Sep
 
9

A Great Miss

Posted by: Rick Pariani in News
 

From Wednesday, August 28th through Wednesday September 4th, our coast was on high alert. Hurricane Dorian roared to within 60 miles of the South Florida coastline, near Martin and Palm Beach Counties.

Early forecasts projected that the storm would crash into Palm Beach with Category 4 strength winds (maximum sustained at 130 to 156 mph). Destruction there would have been close to the catastrophic impact sustained in the Grand Bahamas.

Some forecasts showed a storm track crossing the Florida peninsula to get loose in the Gulf of Mexico. However, once Dorian stalled over the Bahamas, revised forecasts put it on a northern path aimed at Jacksonville. The combined “spaghetti ensembles” using both of the best “models”* closely correlated to a north/northwest track, changing to north/northeast once the upper level steering currents took effect.

Dorian’s stall was unprecedented – historic. Even so, it allowed the storm intensity to wane as it churned up cooler subsurface waters. When the upper level (+18,000 to 20,000’) currents started to coax the storm north, it was downgraded from a Category 5 showcasing a crisp and tight eyewall (over the Bahamas) to a Category 3 with a ragged-edged center and a wobbly track.

Then what happened? Dorian interacted with the Gulf Stream.

It is important to understand that although the approximately 60 mile wide Gulf Stream contains warm surface and deep waters moving northward at up to 5.6 miles per hour, the Stream itself is not a steering mechanism for a storm.

Dorian’s ragged eye and disturbed center was able to gather over the Gulf Stream and regain its core characteristics as it fed off of the warmer, deep waters. As it continued to gather itself, it began to track along with the Stream, steered by the upper level currents. Note : I learned this from the First Coast News Meteorologist, Tim Deegan.

That dynamic proved to be great news for our area.

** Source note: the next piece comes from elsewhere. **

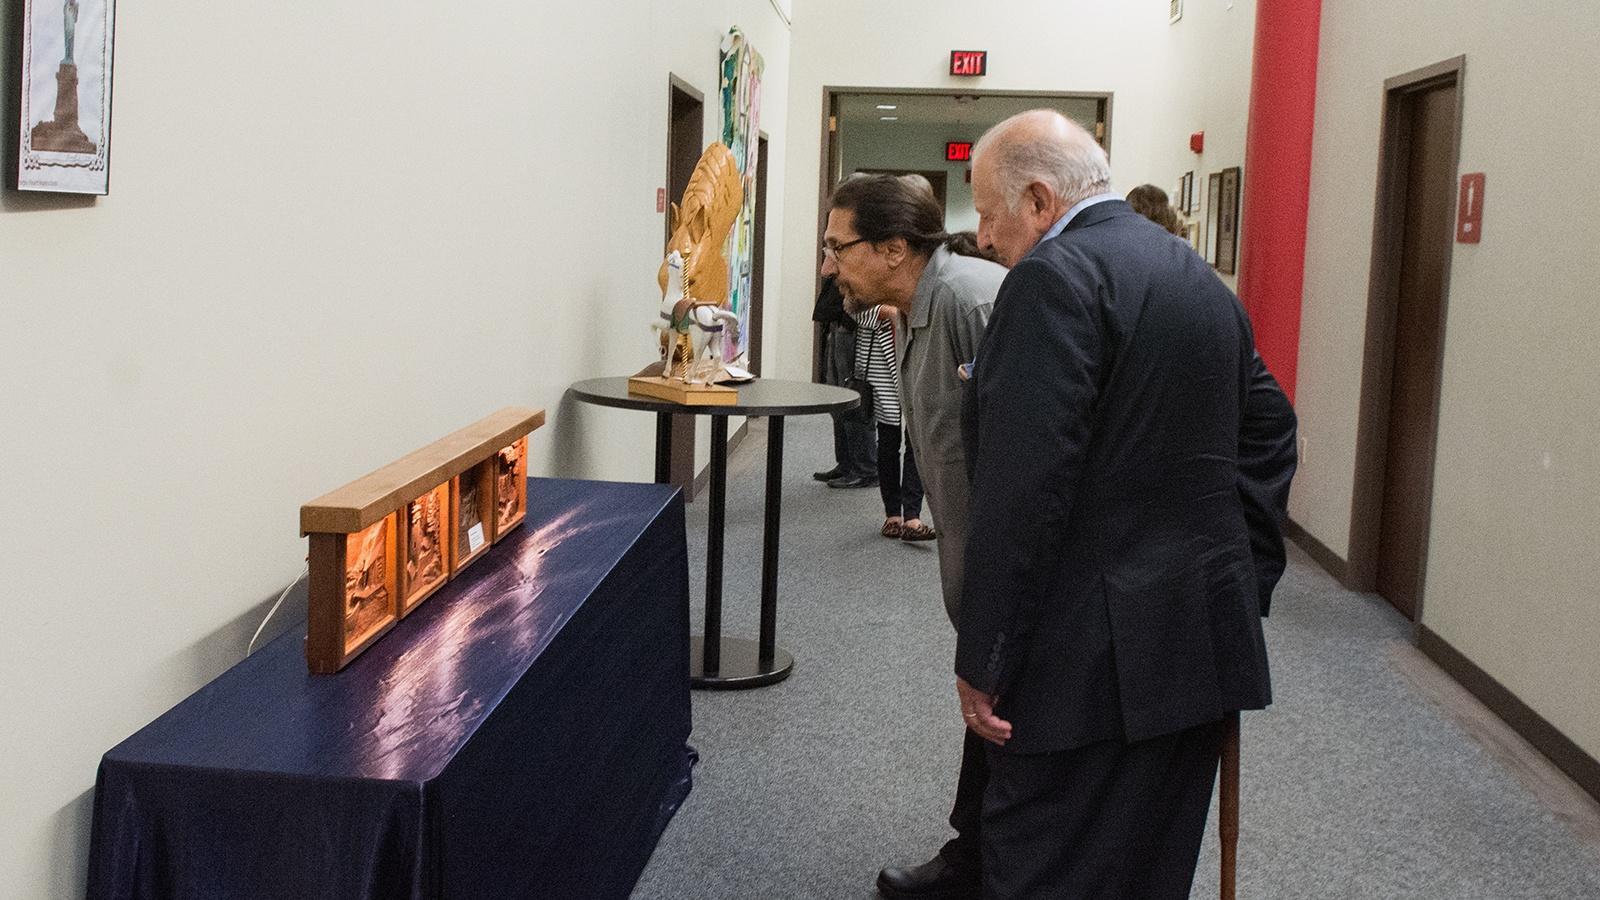 Visitors viewing artwork on display at Horizons Gallery

You can see from the diagram that the western edge of the Gulf Stream is 80 to 100 or more miles east of our coastline. That creates a sort of natural buffer. Additionally, we are further sheltered by being the westernmost community on the eastern seaboard.

Storms that track along the Gulf Stream have their maximum energy fields out to the northeast and east, over the open ocean. Because of this aspect, it is always better to be on the west side of a hurricane, as it moves north.

Sure, storms have a tendency to shift and change their track. In our area, they can plow directly across the Gulf Stream, track between the coast and the Stream, track over or far east of the Stream or interact with the peninsula. That is why the forecasters and meteorologists continually warn about track and “cone” variables**. We would be wise to follow their advice.

In this case, fortunately, the upper level steering together with the gathering over the Gulf Stream enabled Dorian to track fairly true along its northern path to completely clear our “sheltered coast”. It was a great miss.

*The National Oceanic and Atmospheric Administration (NOAA) and the National Hurricane Center (NHC) primarily use the Global Forecast System (GFS) model. The other more recently dependable model is the European Center for Medium Range Weather Forecasting (ECMWF), aka “the European Model”.

**There are many independent, private weather-tracking sources on the web – some of which now require a membership fee. Most all of them import the advisories, data and tracking projections from the National Hurricane Center. The Center posts scheduled updates at 5AM, 11AM, 2PM, 5PM, 8PM and 11PM plus special advisories whenever conditions merit. Ever since I attended a National Hurricane Conference in 1979, I have checked the National Hurricane Center as the best go-to source for dependable storm information – www.nhc.noaa.gov – or just Google National Hurricane Center.

Here’s another Advisory: if you want to learn more about the history of storm tracking and immerse yourself in hurricane lore – please read, Isaac’s Storm ; A Man, a Time, and the Deadliest Hurricane in History, by Erik Larson – about the September 1900 Galveston, Texas storm.